La supernena, la del puenting sin cuerda, la fuerza de voluntad personificada; esa que vive y alardea de sus cicatrices cual heridas de guerra se trataran. Esa que un día sorprendió a muchos mientras tomaban el sol en la playa, mientras disfrutaban del principio de sus merecidas vacaciones o veraneaban con los abuelos a finales de ese junio caluroso. 

La que cayó y decidió dar la lata durante muchos años mas. Exactamente....durante el resto de su vida. 


Hoy, 13 años. 

miércoles, 27 de junio de 2012

Voces.

Riiing.
El teléfono sonó. 
Riiing.
El telefono sonó de nuevo.
Riiiiiiiing.
Sonó por tercera vez. 
De un modo repentino se dio cuenta que estaban insistiendo reiteradamente pero no sabía si contestar. Al fin, descolgó. 
- ¿Hola?
- Hola. 

Una voz tranquila y sosegada estaba al otro lado del teléfono. Le sorprendió esa tonalidad en las palabras. No estaba acostumbrada pero le transmitía intención. Mucha intención. Y eso, le gustaba. Siempre había sido bastante escueto y conciso en las conversaciones telefónicas. El telefono no era de su agrado. Pero esta vez parecía que quería jugar. Alargaba las frases y las palabras las pronunciaba casi en susurro. Las voces se volvieron acordes. El volumen y la entonación eran los adecuados para empezar el juego.
Y suspiró, y sonó como un sutil gemido. Aquella voz, sin duda, estaba excitándola cual cuatro gotas de aceite resbalando espalda abajo acompañadas de dedos finos, largos y fuertes recorriendo cada centímetro, deslizándose por todas y cada una de las curvas existentes. 

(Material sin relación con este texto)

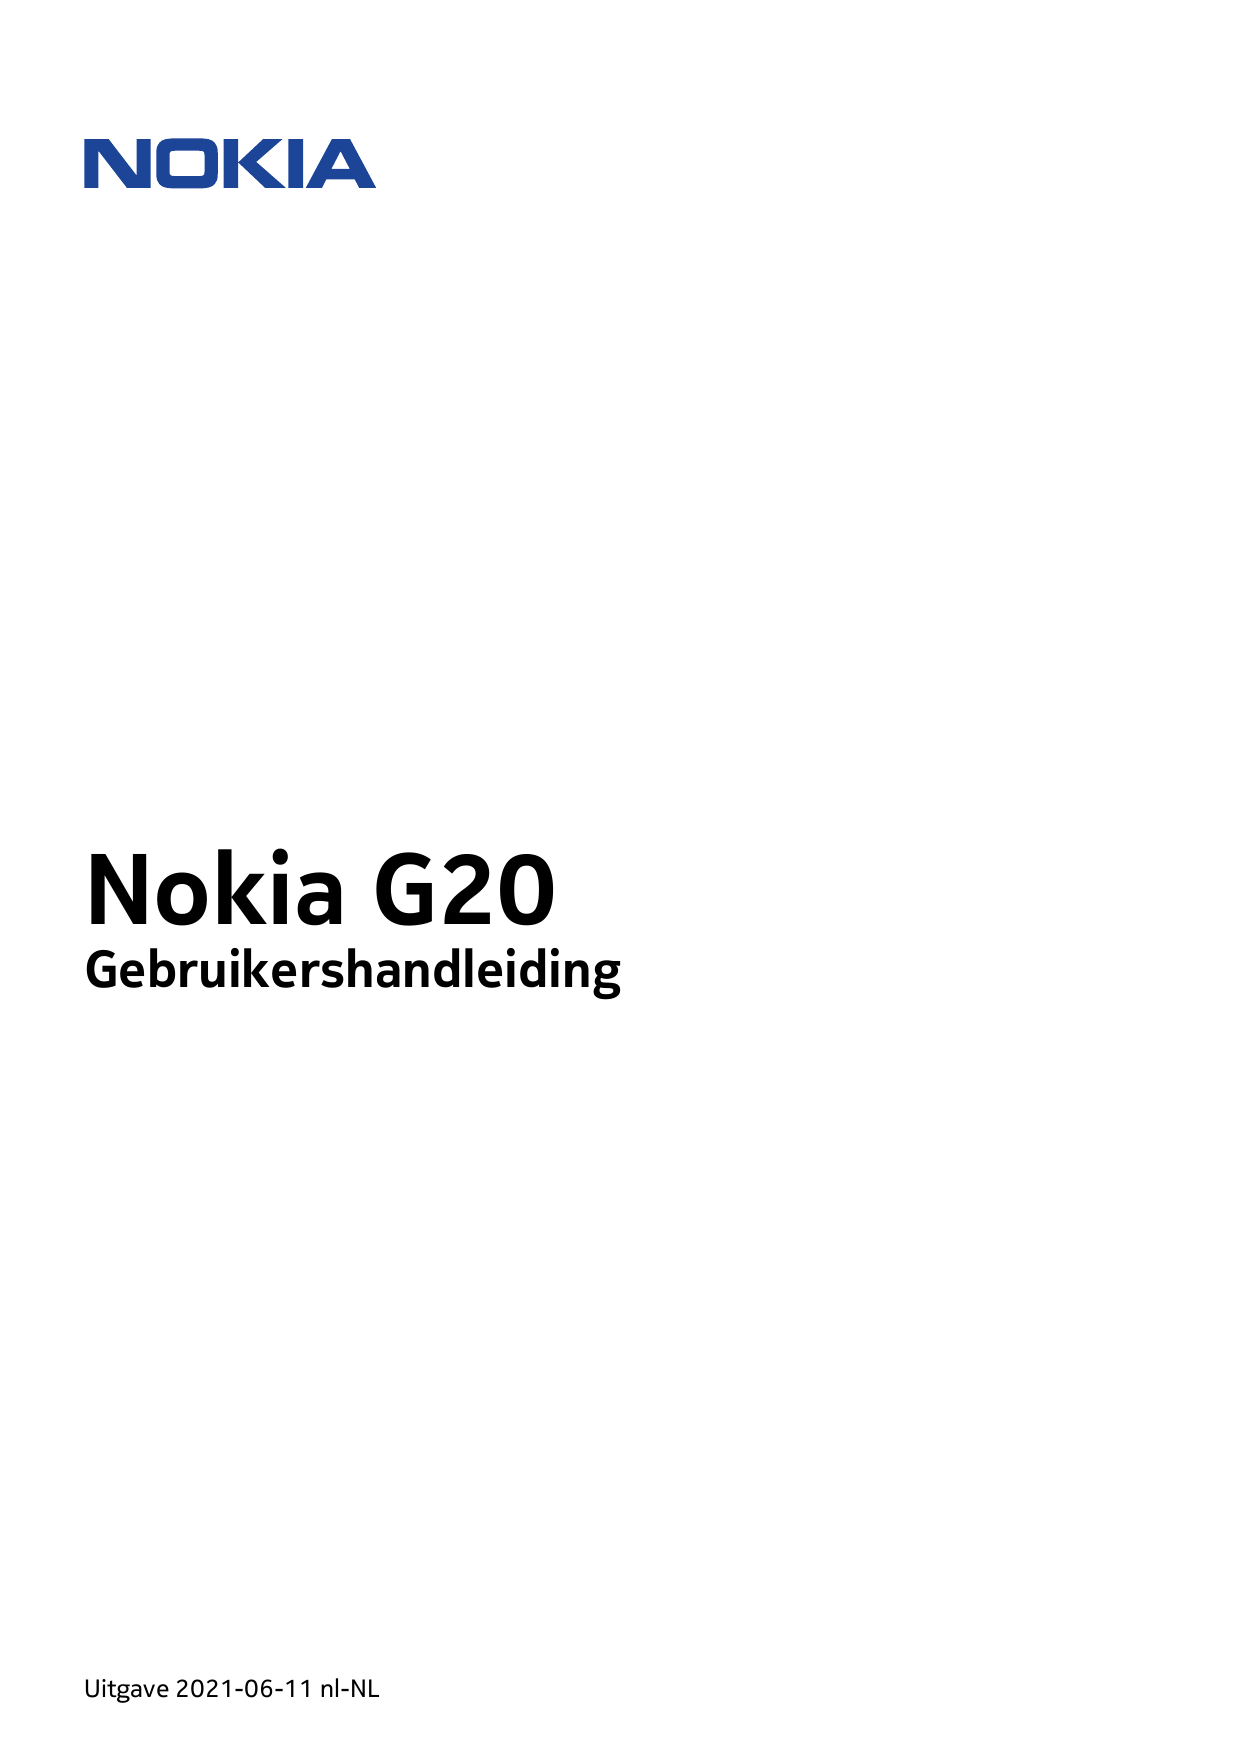 Nokia G20GebruikershandleidingUitgave 2021-06-11 nl-NL

Marta siempre dice que las voces son una de las cosas mas estimulantes, sugerentes y totalmente tentadoras que hay. Despiertan a la imaginación y a los sentidos. Y más, si no te lo esperas. Te sorprenden. 

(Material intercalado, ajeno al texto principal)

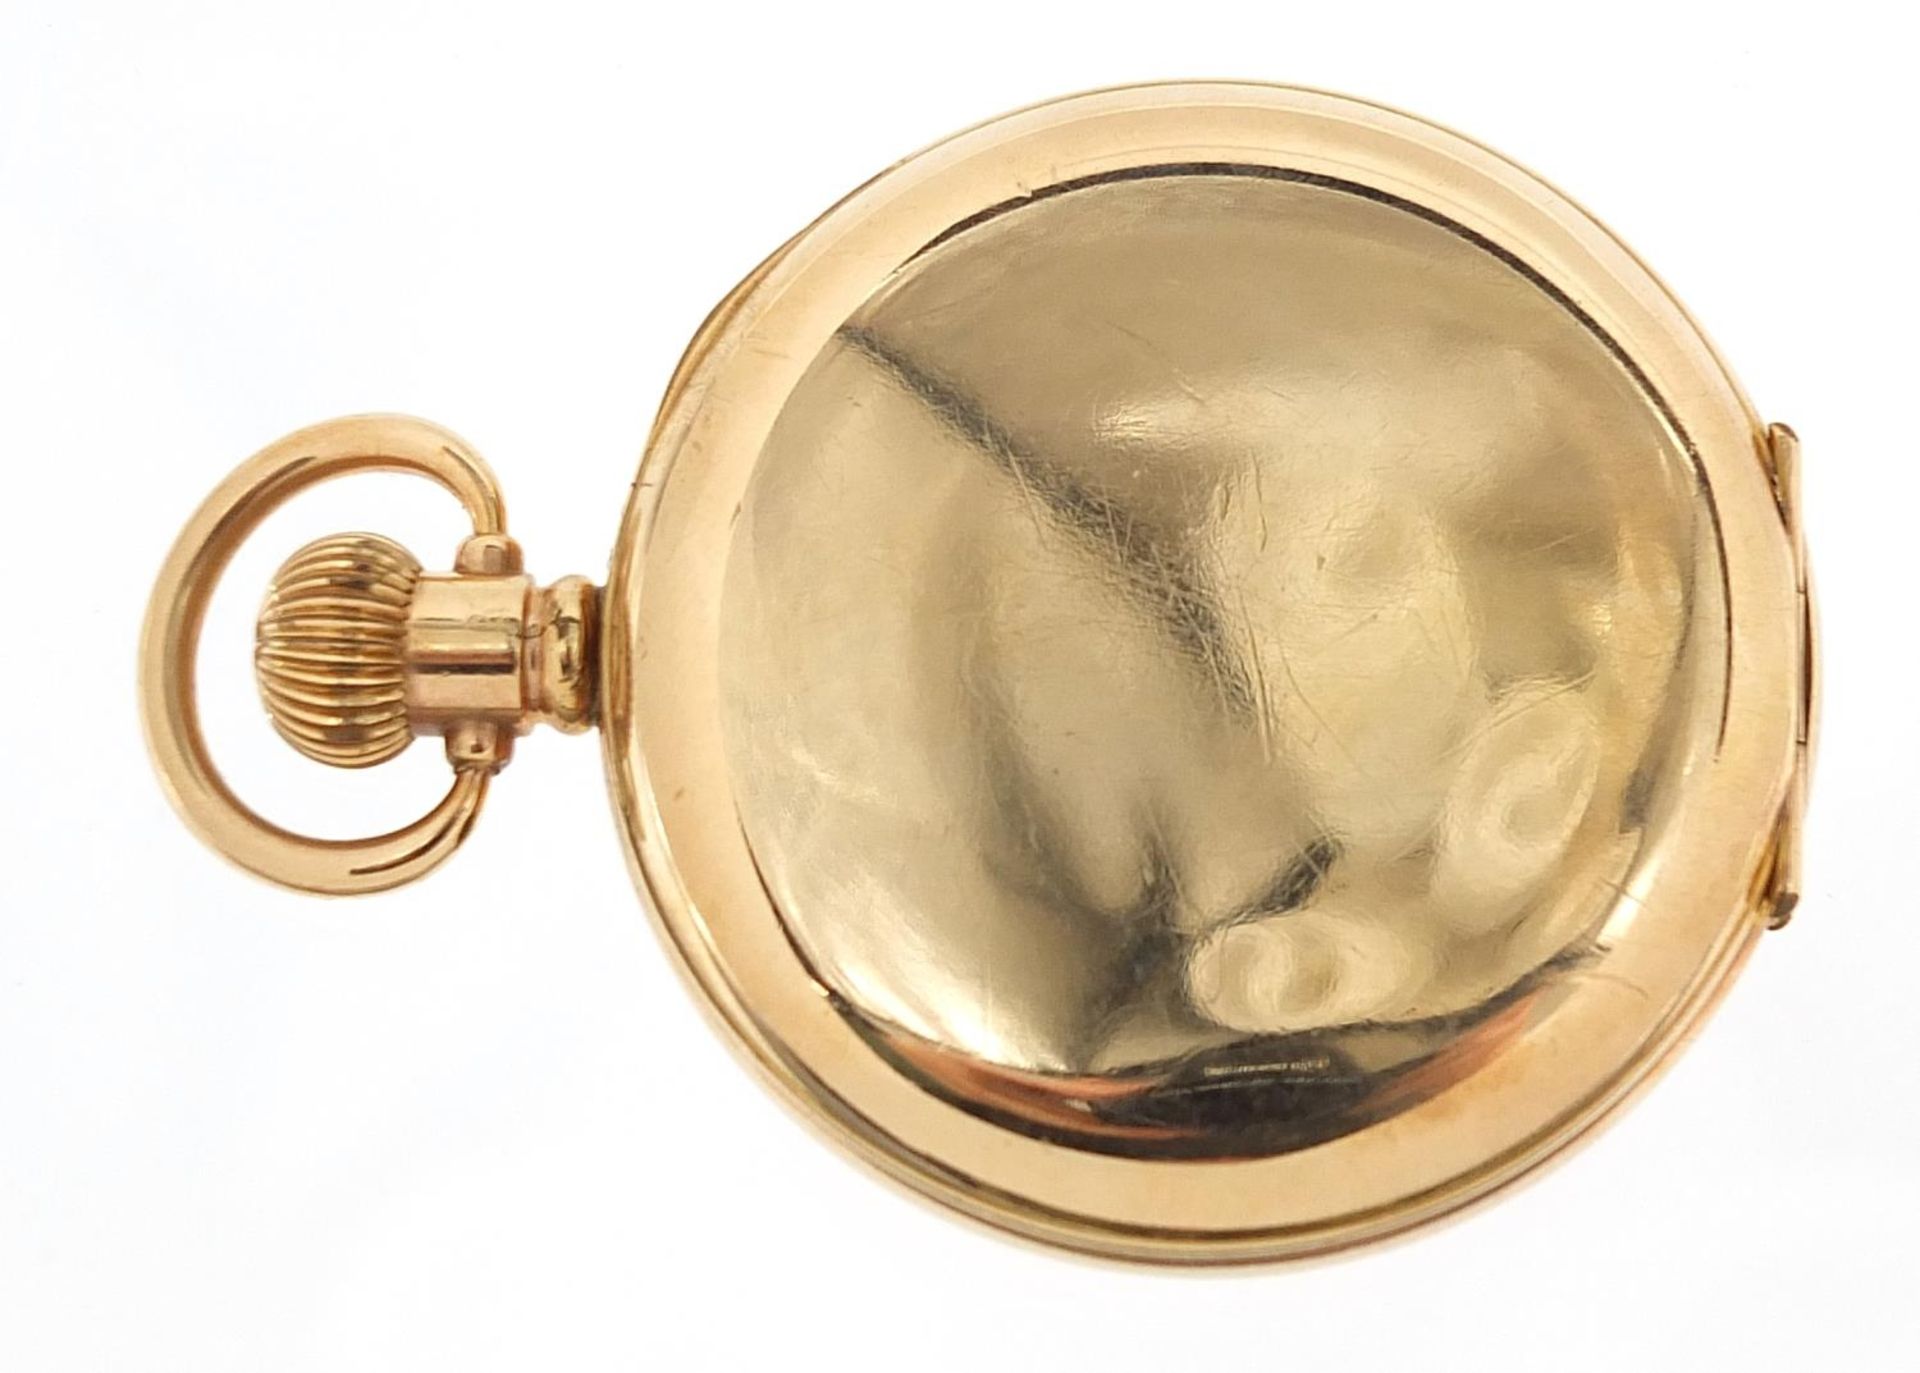 Gentlemen's gold plated half hunter pocket watch with enamelled dial, 50mm in diameter - Image 3 of 6

lunes, 18 de junio de 2012

Standby.

Seh, sigo en standby. CERRADO POR EXÁMENES. A partir del miércoles 20, más.

miércoles, 6 de junio de 2012

La tierra, que tira.

De eso que ves a mi madre hablando por teléfono un día cualquiera con alguien que ni te suena el nombre, ni has visto nunca y ni siquiera has oído hablar. Te la presentan como la "amiguísima". Hablar de ese concepto con mi madre, nunca se sabe, mas que nada porque con esto de las nuevas tecnologías, todo el mundo parece ser amiguísimo. Y más cuando mi madre galardona una especie de comunidad de extremeños y relacionados vía Facebook. Miedo me da. 
Te hablan de la Juani, de la Maripuri, de la Pepi o del Wencesnosequé. Vamos, que parece que te esté hablando de conocidos de toda la vida. Y con un ímpetu descomunal. Y tan solo son personas con algo en común que forman parte de un grupo de Facebook con misma denominación. Todos ellos, extremeños. 

Ese acento con deje característico, esa espontaneidad y el despilfarro de conversaciones variadas, hace que parezcan incluso de la familia. 
Y ya me ves a mi, que sin quererlo ni beberlo, me encuentro acompañando a mi madre, esperando a alguien en sants que no conozco. Cocacolas, fantas, nestea y bacon con queso. Toma ya. Vamos, que solo nos faltaba el cochinillo y el vino de pitarra.

Mira que yo soy abierta y puedo llegar a relacionarme con cualquiera..., pero es que mi madre..., la Carmeli siempre ha sido de extremos. No, si ya lo dicen; a alguien tendré que parecerme, no?
Aquí, o es que yo soy muy rara, o es que los extremeños tienen algo que por Facebook se desinhibe completamente. Los desconocidos dejan de ser desconocidos y pasan de ser conocidos de feisbú a amiguísimos de toda la vida. 

Vamos, que la tierra, se ve que a todos nos tira. Pero a ellos, más.